Return the listing verbatim, images left out.

DATASET EXTRACT
+ + +

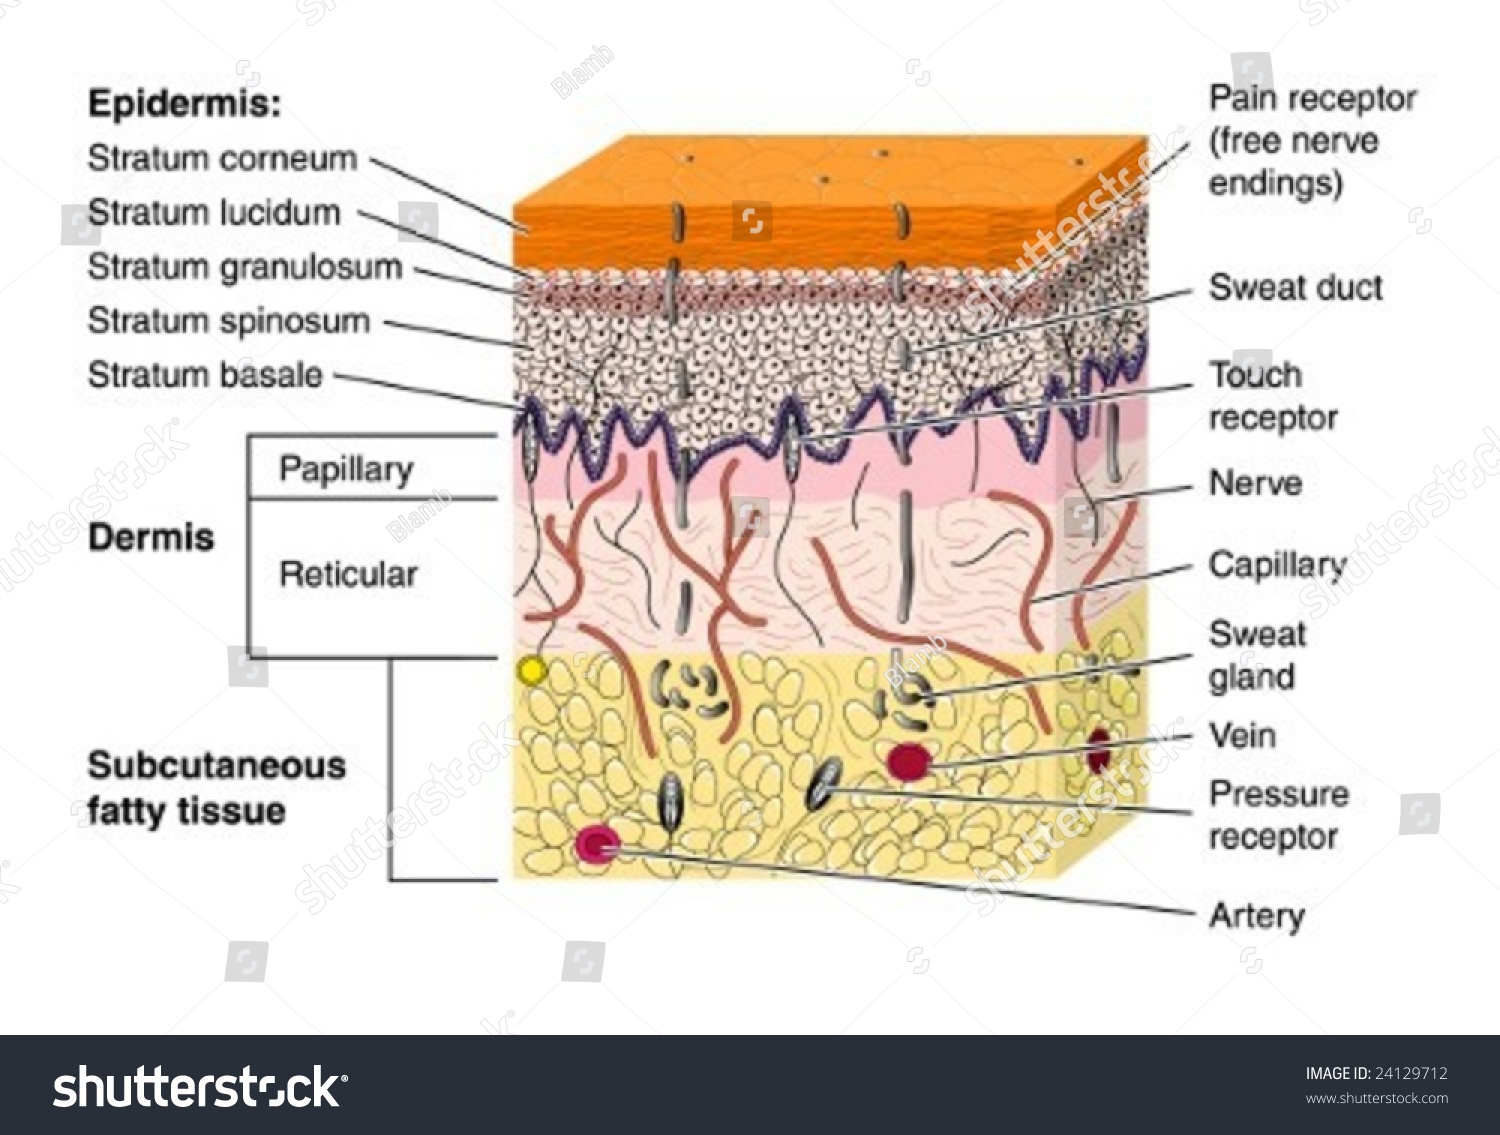 [DIAGRAM] A Labeled Diagram Of The Cross Section Of The Skin ...
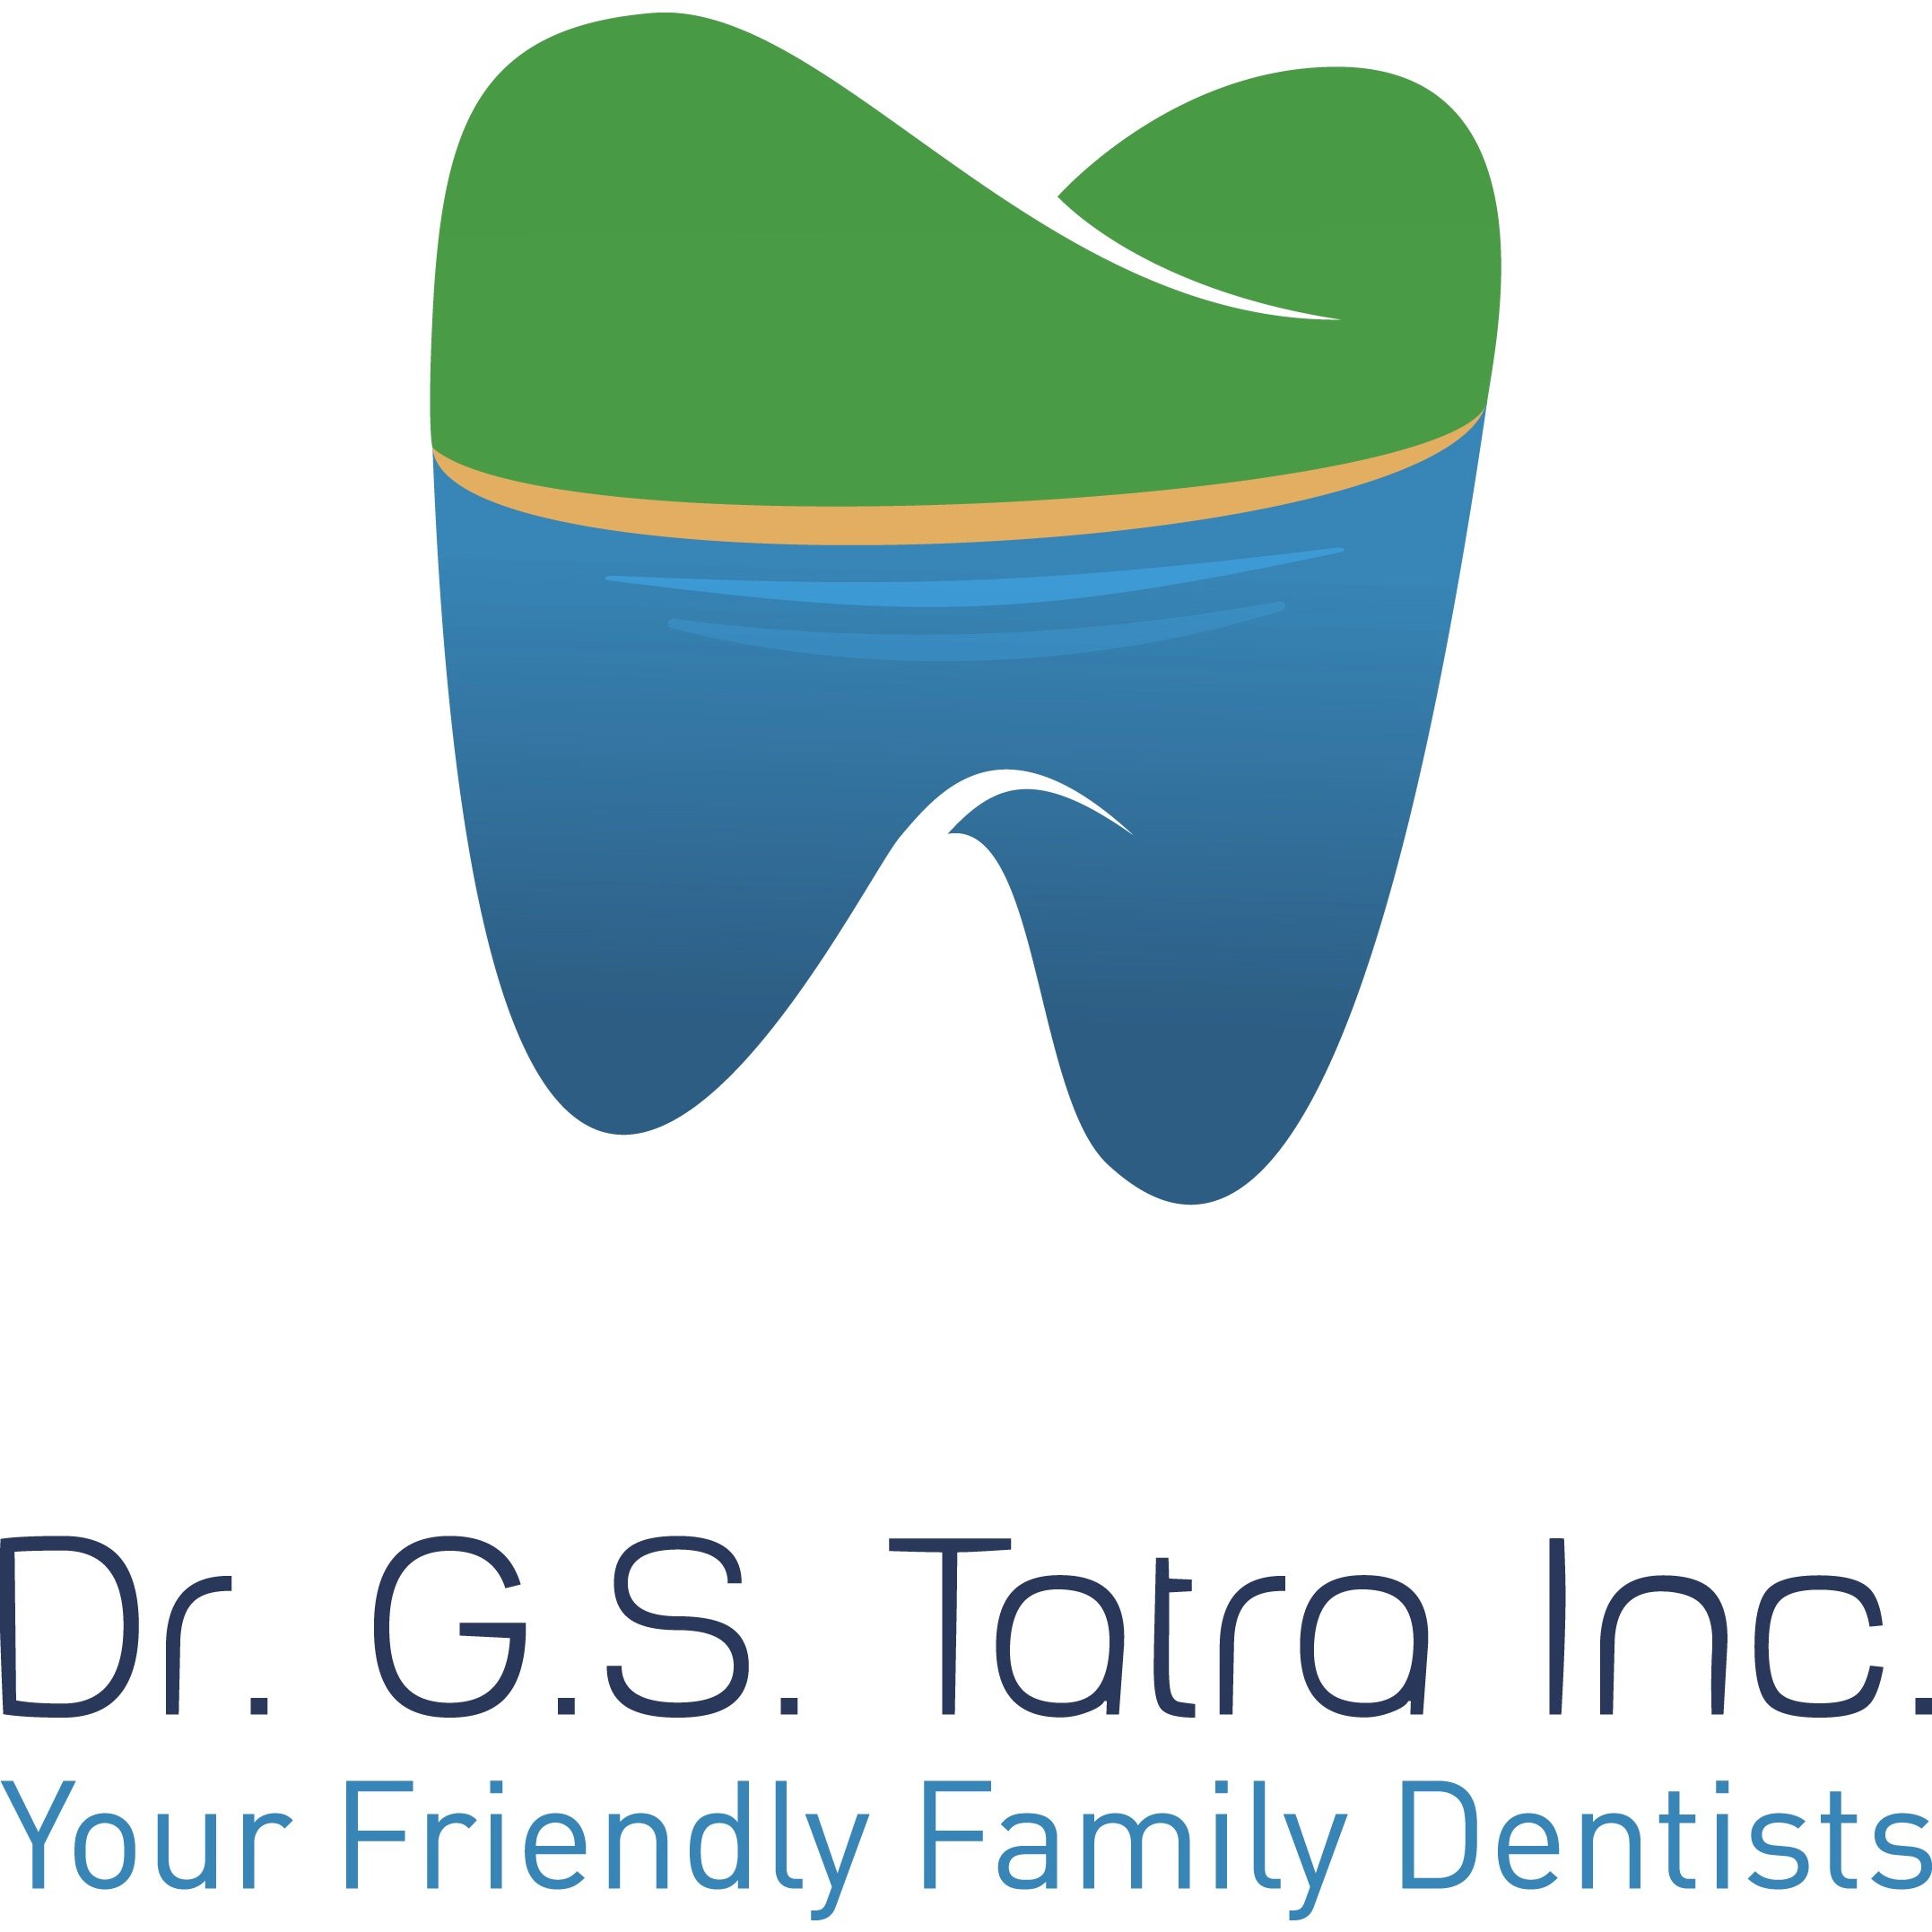 Your #YYJ Family Friendly Dentists
https://t.co/oxBXOMJSSq

+ + +

RESPONSE BOX
 [DIAGRAM] A Labeled Diagram Of The Cross Section Of The Skin ...
 Your #YYJ Family Friendly Dentists
https://t.co/oxBXOMJSSq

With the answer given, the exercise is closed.